Critics look down on shorter 250 Water Street

Proponents say the revised designs incorporate community feedback

Howard Hughes Corporation CEO David O’Reilly and 250 Water Street (The Howard Hughes Corporation/SOM)
Howard Hughes Corporation CEO David O’Reilly and 250 Water Street (The Howard Hughes Corporation/SOM)

UPDATED April 7, 2020, 7:11 a.m.: Howard Hughes Corporation returned to the Landmarks Preservation Commission Tuesday with a shorter, less bulky design for a mixed-use tower at 250 Water Street.

But the reviews from community members and civic leaders were the same as to the developer’s first plan, which was summarily dismissed by the commission as out of scale with the South Street Seaport historic district.
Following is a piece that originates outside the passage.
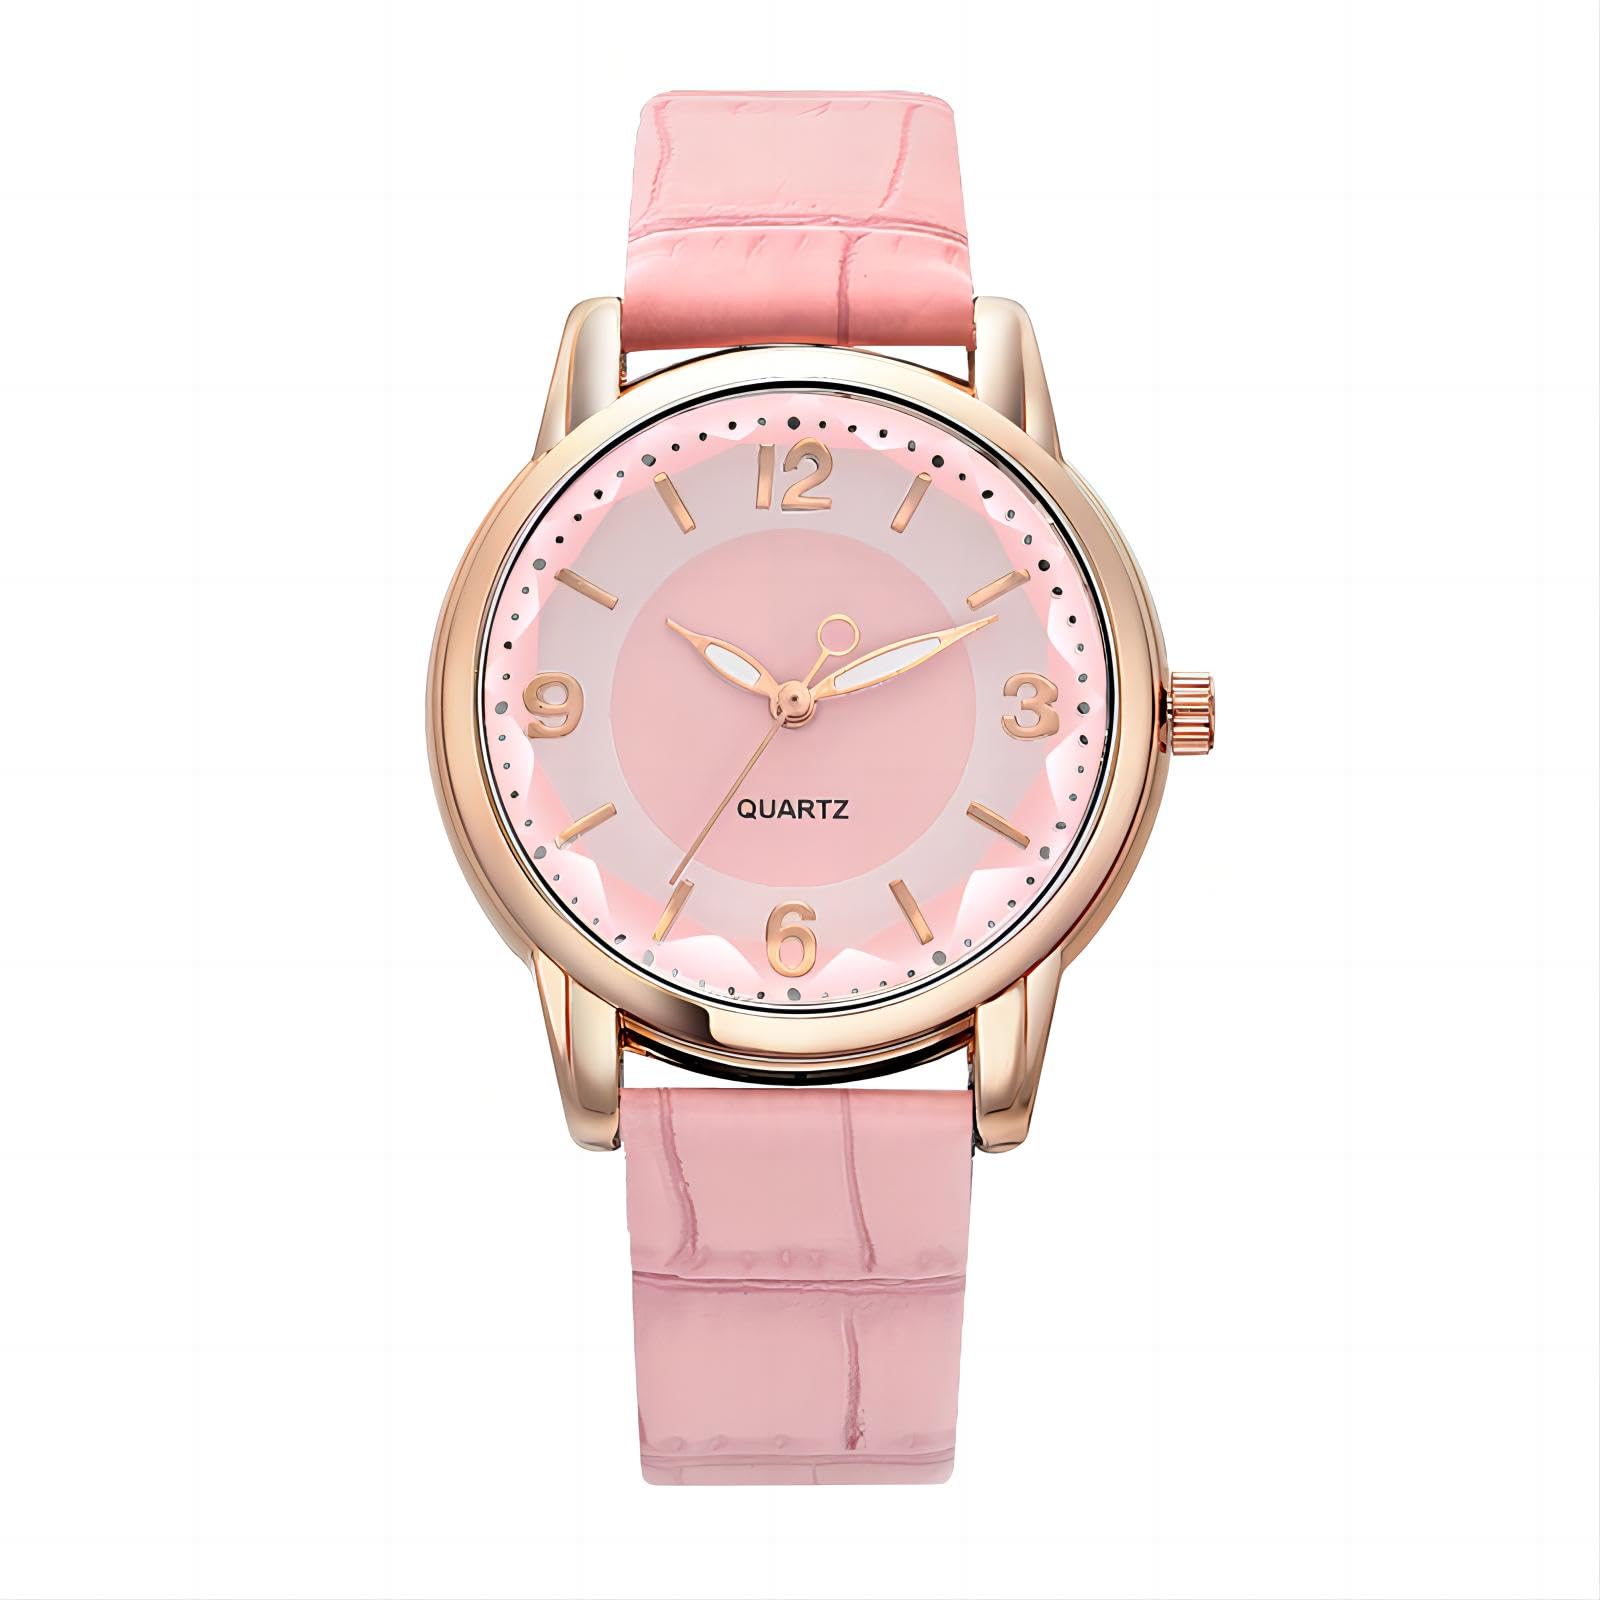 Wrist Watch for Women, Fashion Style Quartz Analog Women's Watch with Leather Strap

Supporters remained supporters and opponents remained opponents, with the exception of the nonprofit New York Landmarks Conservancy, which reversed its position and is now in favor of the plan.

The revised proposal eschews the initial two-tower design atop a podium structure for four interlocking towers set back above a low-rise street wall.

Presented by architect Skidmore, Owings & Merrill, the revision includes a street wall that varies in height and has metalwork on the facade and narrower windows to match other buildings in the district.

But it is still bigger than they are.

The developer has reduced the project’s size by about 27 percent, to 550,000 square feet from 757,000, cut the number of residential units to 270 from 360, and removed 30 of the original 100 affordable housing units in an effort to gain Landmarks’ blessing.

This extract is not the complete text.